◆ Problem to work on ◆
Exactly as written, please repeat the data that follows, but not the pictures.

◆ Dataset section ◆
-.-.-
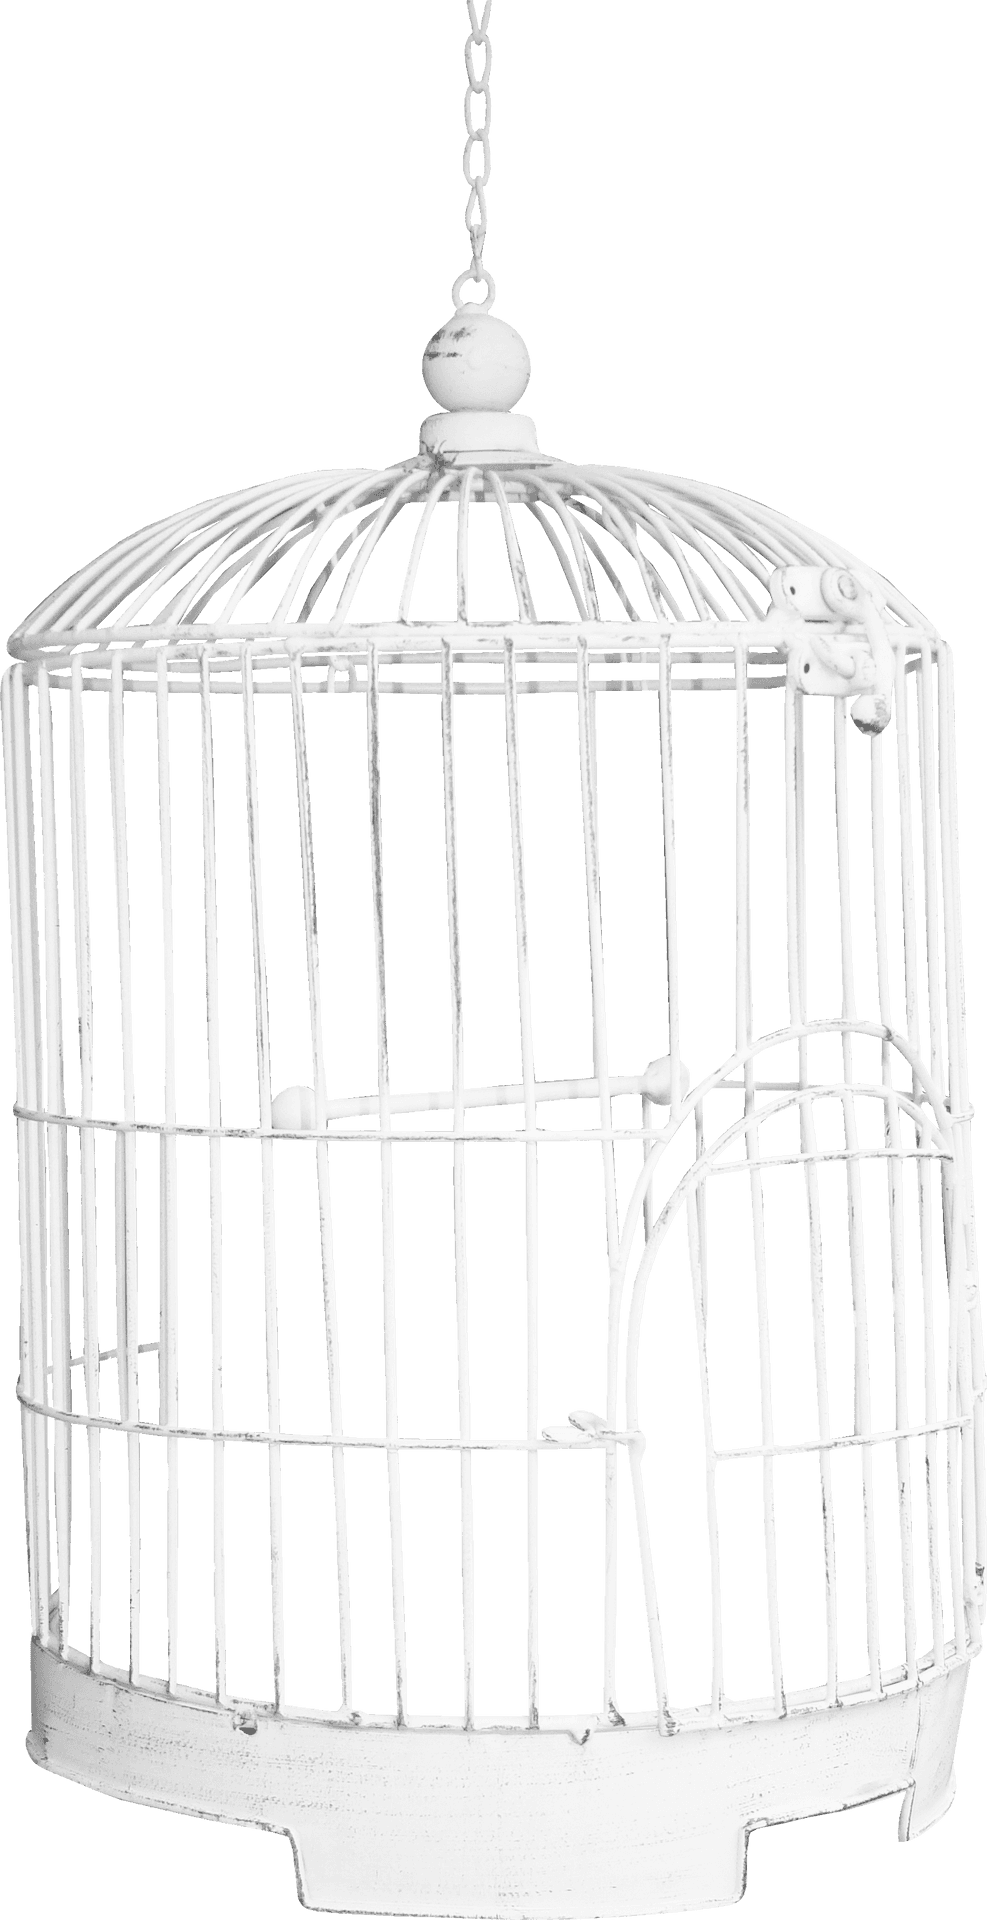 White Bird Cage Hanging PNG image
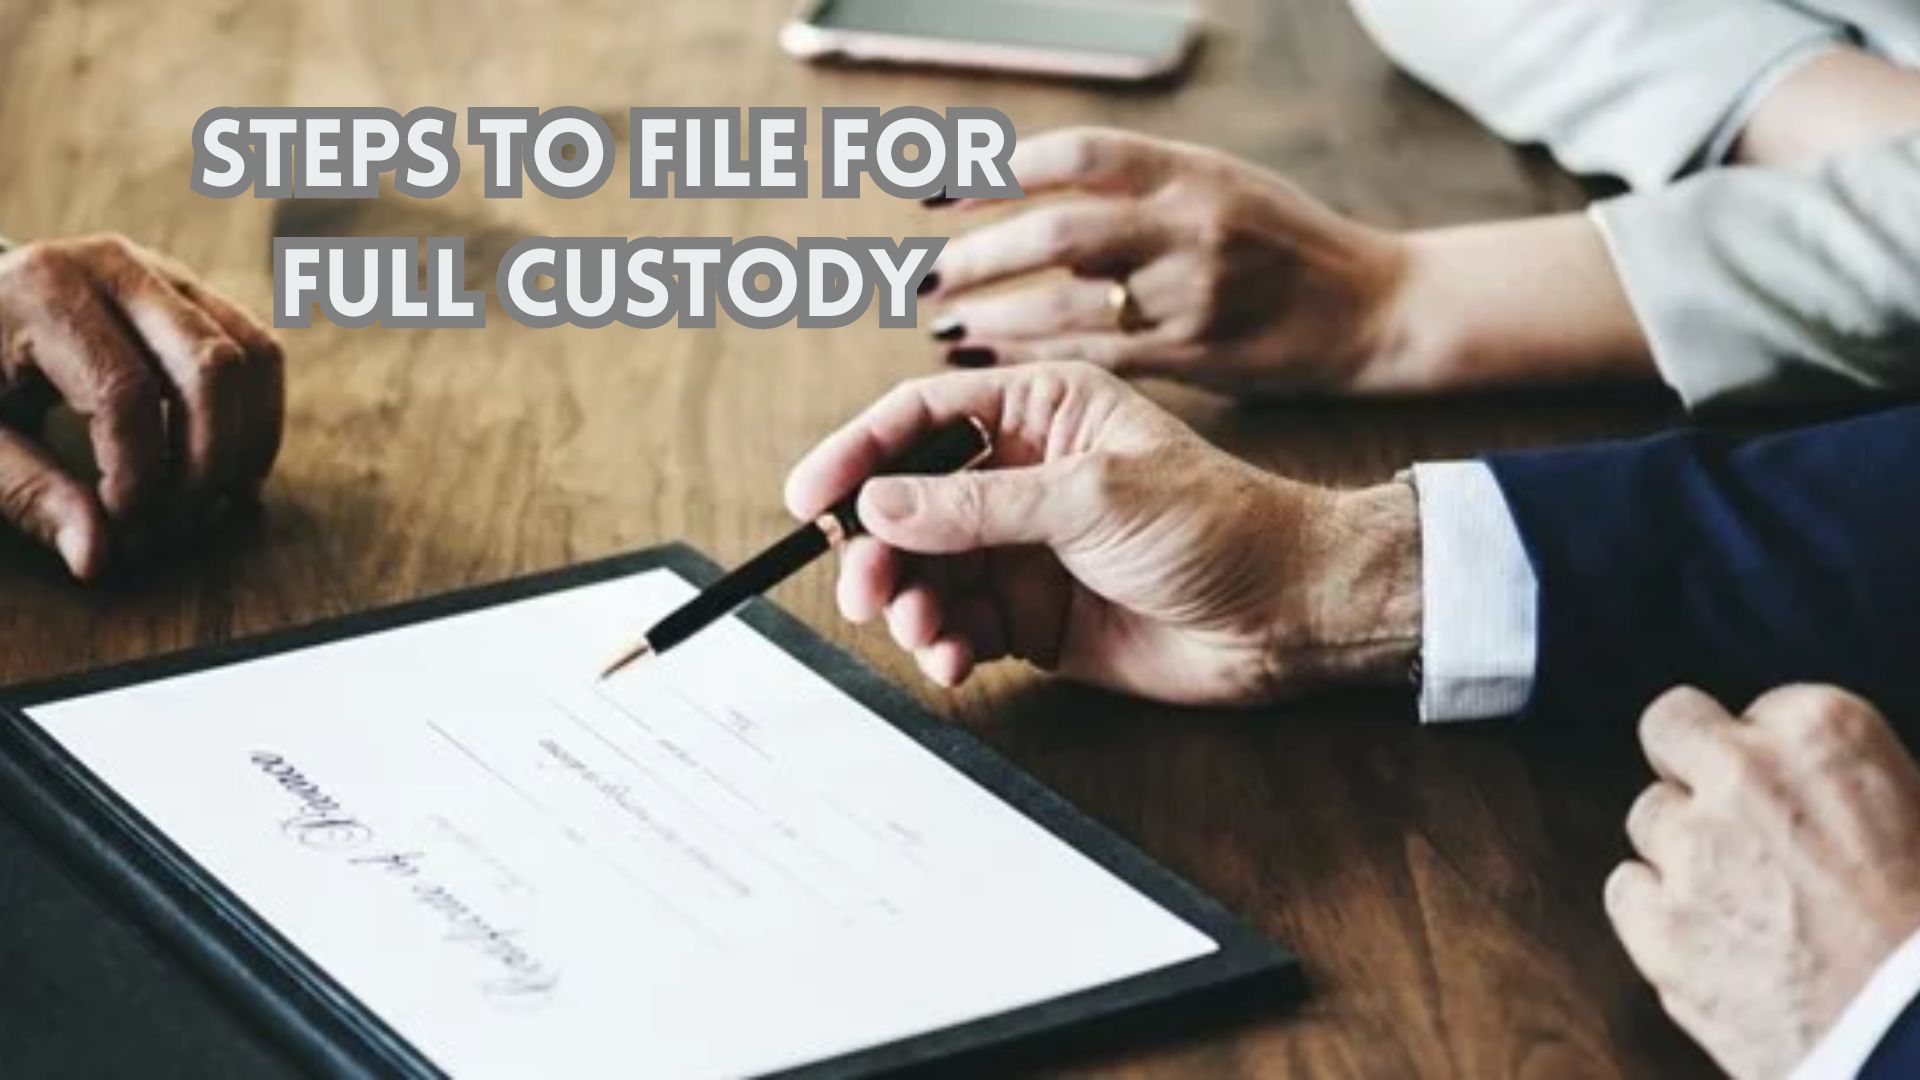 Steps to File for Full Custody.
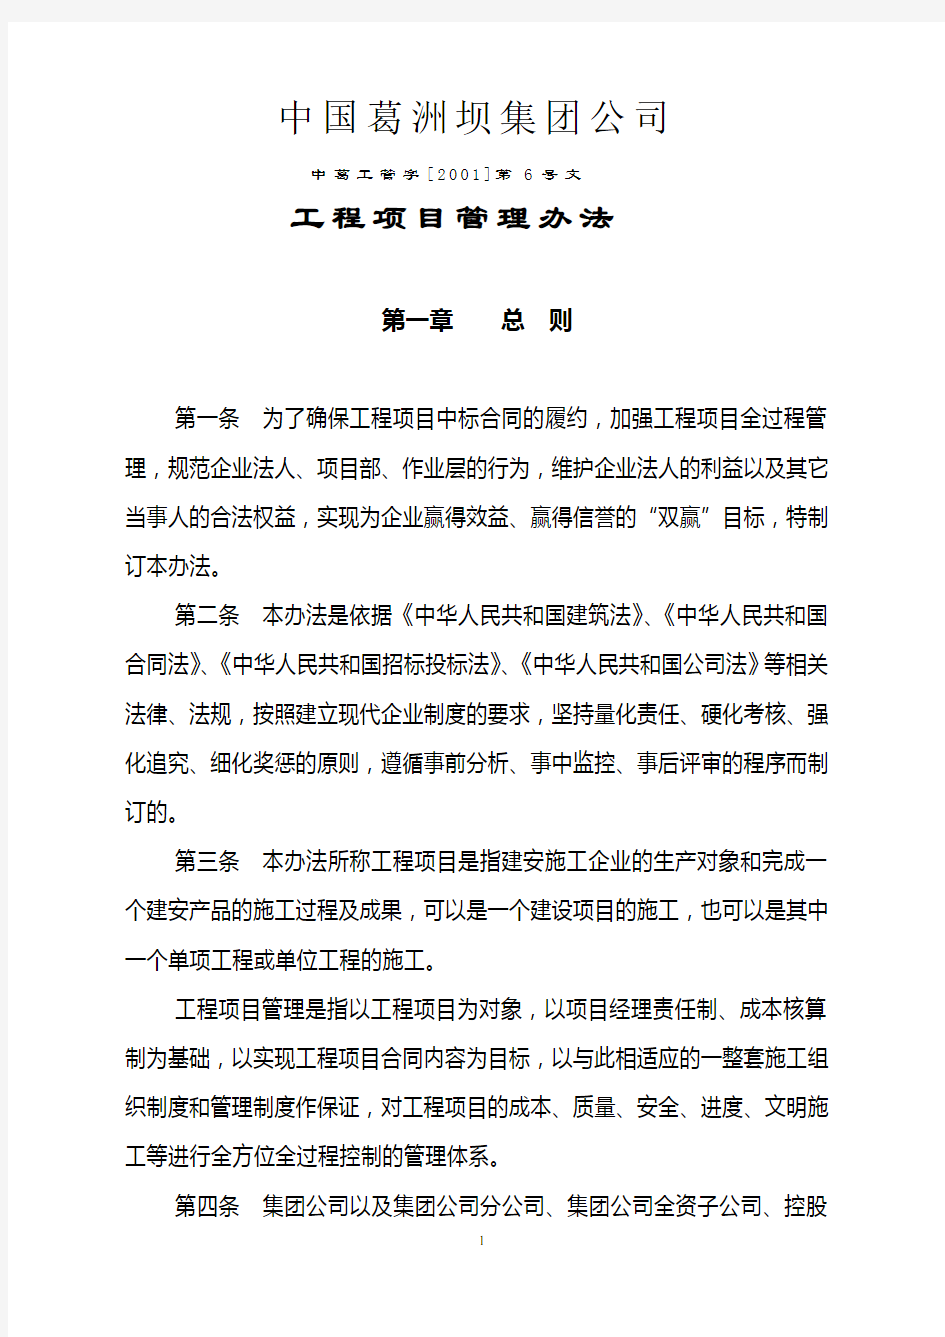 中国葛洲坝集团公司工程项目管理办法(正式发稿)
-.-.-
◆ Solution for this exercise ◆
 White Bird Cage Hanging PNG image
 Steps to File for Full Custody.
 中国葛洲坝集团公司工程项目管理办法(正式发稿)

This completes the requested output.